Der Rassismus ist vor dem Virus da
Auch wenn sich die Krankheit in Deutschland noch nicht arg verbreitet hat, ist der Rassismus schon da. Die „Bild“ fragte in zwei Artikeln: Darf ich noch Glückskekse essen? Oder Pakete aus China annehmen? Klar, will man sich nicht anstecken. Sicherheit gegen pauschale Stigmatisierung, das ist vermeintlich die Zwickmühle.

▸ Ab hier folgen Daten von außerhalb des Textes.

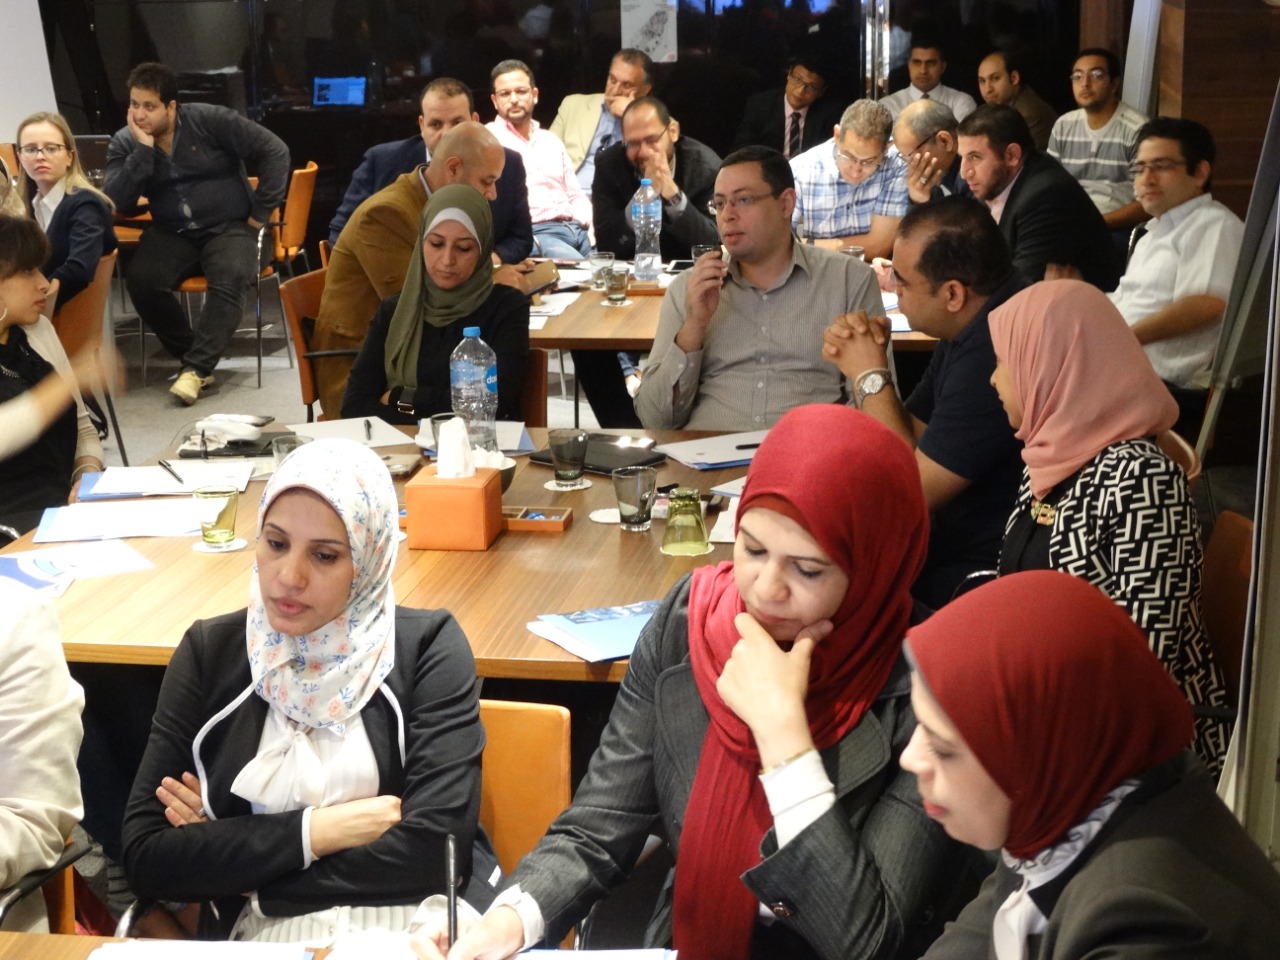 ورشة العمل  تقام  في  إطار مشروع تعزيز قدرات أنظمة الرقابة على الغذاء في مصر لتسهيل التجارة  (4)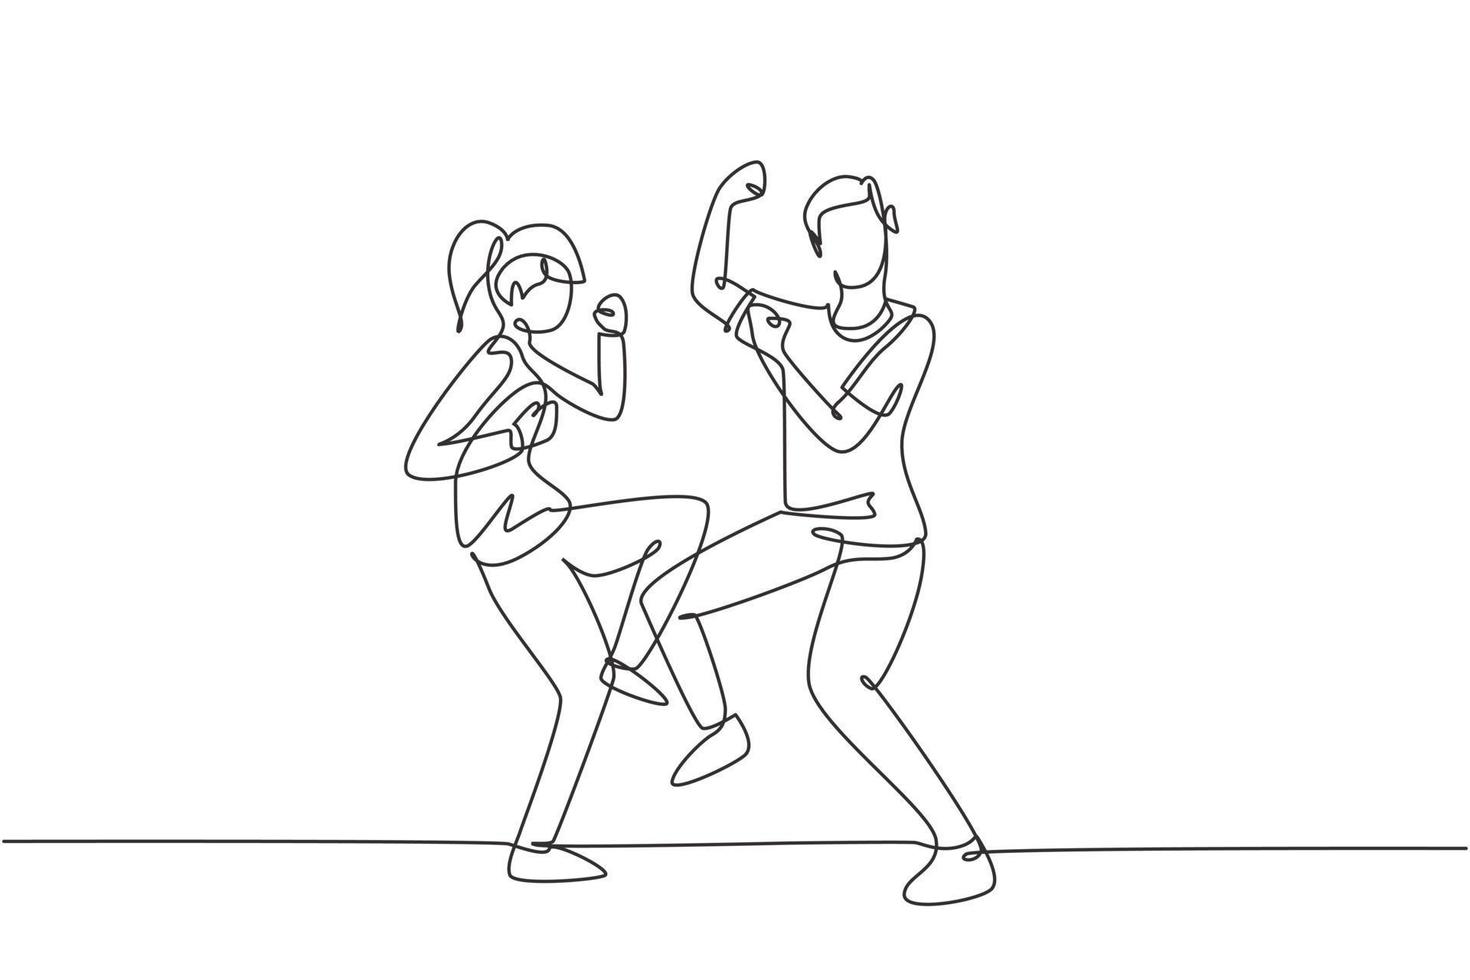 Single One Line Drawing Mann Frau tanzen Lindy Hop oder Swing zusammen. männliche und weibliche Charaktere, die in der Schule oder auf einer Party tanzen. moderne durchgehende Linie zeichnen Design-Grafik-Vektor-Illustration vektor

Doch einfach alle Chinesen zu meiden, nicht mehr chinesisch Essen zu gehen, keine Pakete aus China zu bestellen, ist weder Heilmittel noch Prävention. Nicht jeder, der vermeintlich chinesisch aussieht, ist Chinese. Nicht jede Chinesin war in letzter Zeit in China. Nicht jeder Chinese, der tatsächlich dort war, ist vollgepumpt mit Viren.
Und ja, auch der biodeutsche Kollege, der geschäftlich in Shanghai, Singapur oder im bayerischen Starnberg war, könnte angesteckt sein. Wenn der im Büro niest, wünscht man Gesundheit. Wenn Asiaten niesen, sucht man das Weite. So fühlt es sich an. Und das ist rassistisch. Der beste Schutz gegen das Virus ist immer noch Händewaschen und Sensibilität. Praktisch, dass letzteres auch gegen Rassismus hilft.